Diffusion Transformer: To address the limitations of existing algorithms in capturing local information and improving the effectiveness in cases of low overlap, we propose a diffusion Transformer model algorithm. We will continue using the source point cloud as an example.

We define the position relational embedding \(a_{j - i}^{P'}\), which represents the relative position between point \(p_i\) and point \(p_j\) in the source point cloud. This embedding is used in the cross-attention module to capture the spatial relationships between points. By capturing these relationships, the digital model can more accurately reflect the true geometric shape of the artifact.

Next, we introduce a 4-layer multi-head self-attention module. This module builds upon the local feature information from the AGCM module and allows it to focus on global information by considering different subspaces of representations. The multi-head mechanism enables the model to attend to multiple aspects of the point cloud simultaneously, enhancing its ability to capture both local and global features. In the digitization of artifacts, this mechanism can comprehensively capture the overall shape and subtle features of the artifact, providing a foundation for high-fidelity digitization.
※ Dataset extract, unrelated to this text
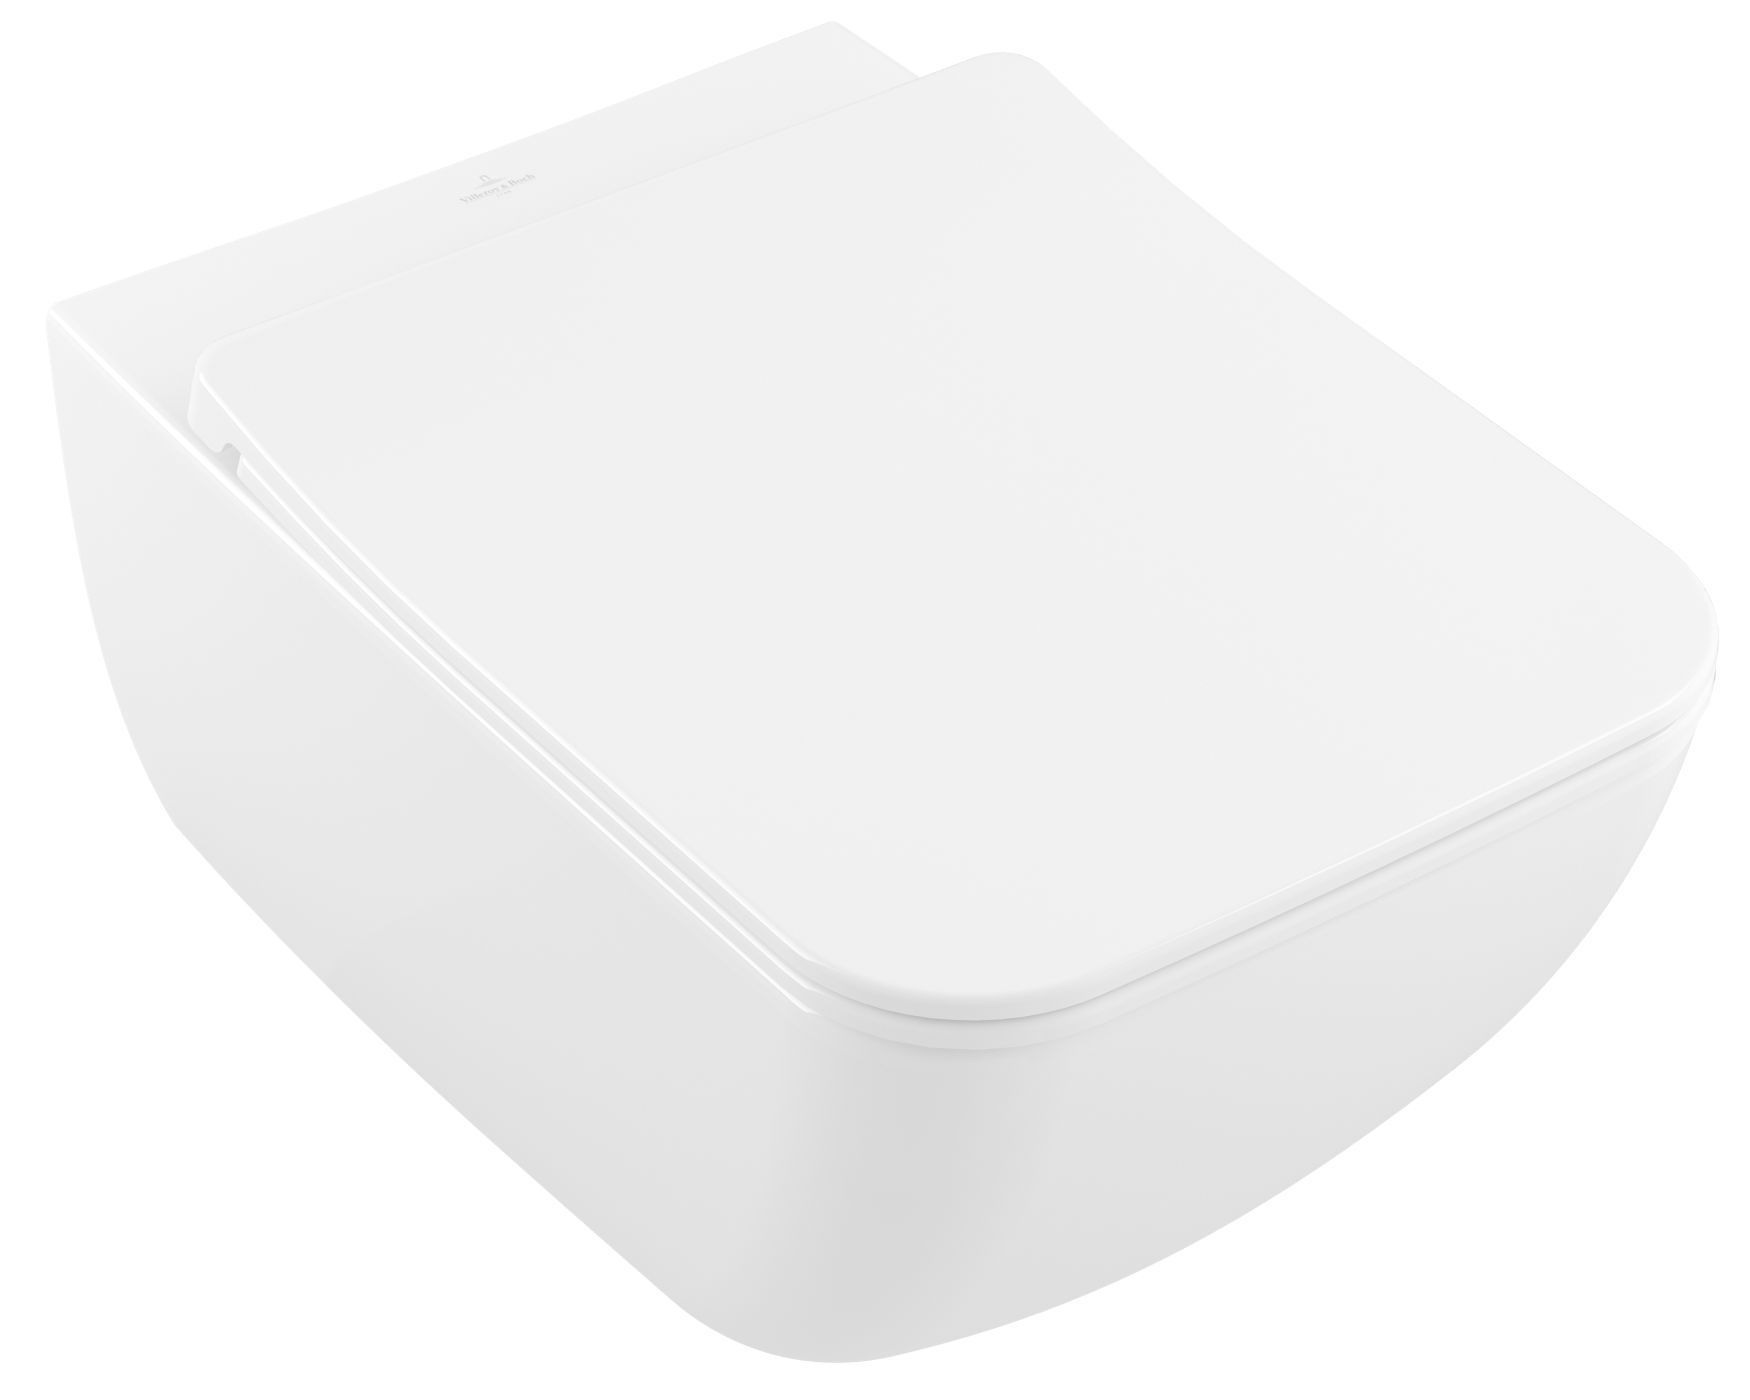 Villeroy & Boch Venticello Wand-Tiefspül-WC Combi-Pack DirectFlush L:56 B:37,5cm weiß 4611RL01

By incorporating the diffusion Transformer module, our algorithm improves the global co-context information and effectively captures the overlapping information between two point clouds, even in cases of low overlap. Thus, even in cases where the artifact is incomplete or damaged, the digitization process can achieve high-precision restoration.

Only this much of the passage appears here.